The Maven Dependency Graph: a Temporal Graph-based Representation of Maven Central
This provides a resource for researchers and developers to study Java application architecture and evolution, but it is incremental as it repackages existing data into a more accessible format.
The paper tackles the challenge of analyzing the Maven Central Repository, a large dataset of 2.8M Java artifacts with dependencies, by creating the Maven Dependency Graph, an open-source dataset stored in a graph database that explicitly models dependencies and provides query infrastructure.

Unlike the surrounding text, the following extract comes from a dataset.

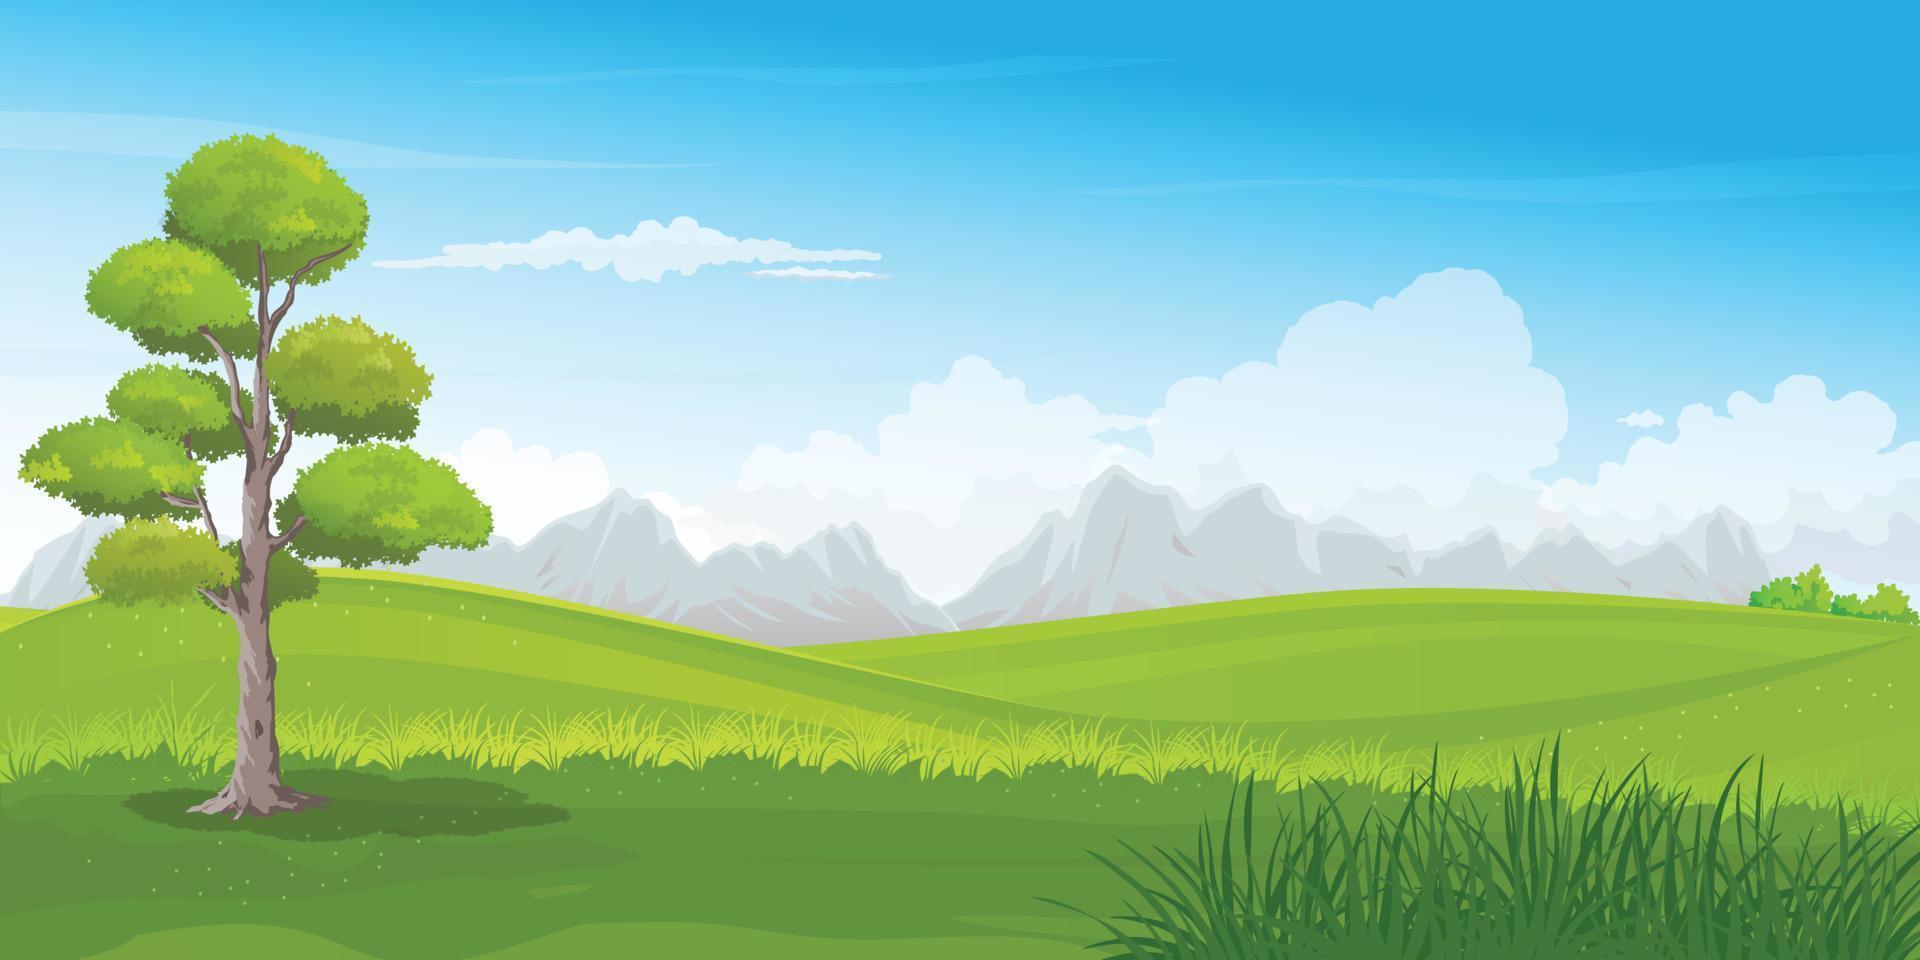 Nature Landscape of Green Meadow and Hills Illustration vector

The Maven Central Repository provides an extraordinary source of data to understand complex architecture and evolution phenomena among Java applications. As of September 6, 2018, this repository includes 2.8M artifacts (compiled piece of code implemented in a JVM-based language), each of which is characterized with metadata such as exact version, date of upload and list of dependencies towards other artifacts. Today, one who wants to analyze the complete ecosystem of Maven artifacts and their dependencies faces two key challenges: (i) this is a huge data set; and (ii) dependency relationships among artifacts are not modeled explicitly and cannot be queried. In this paper, we present the Maven Dependency Graph. This open source data set provides two contributions: a snapshot of the whole Maven Central taken on September 6, 2018, stored in a graph database in which we explicitly model all dependencies; an open source infrastructure to query this huge dataset.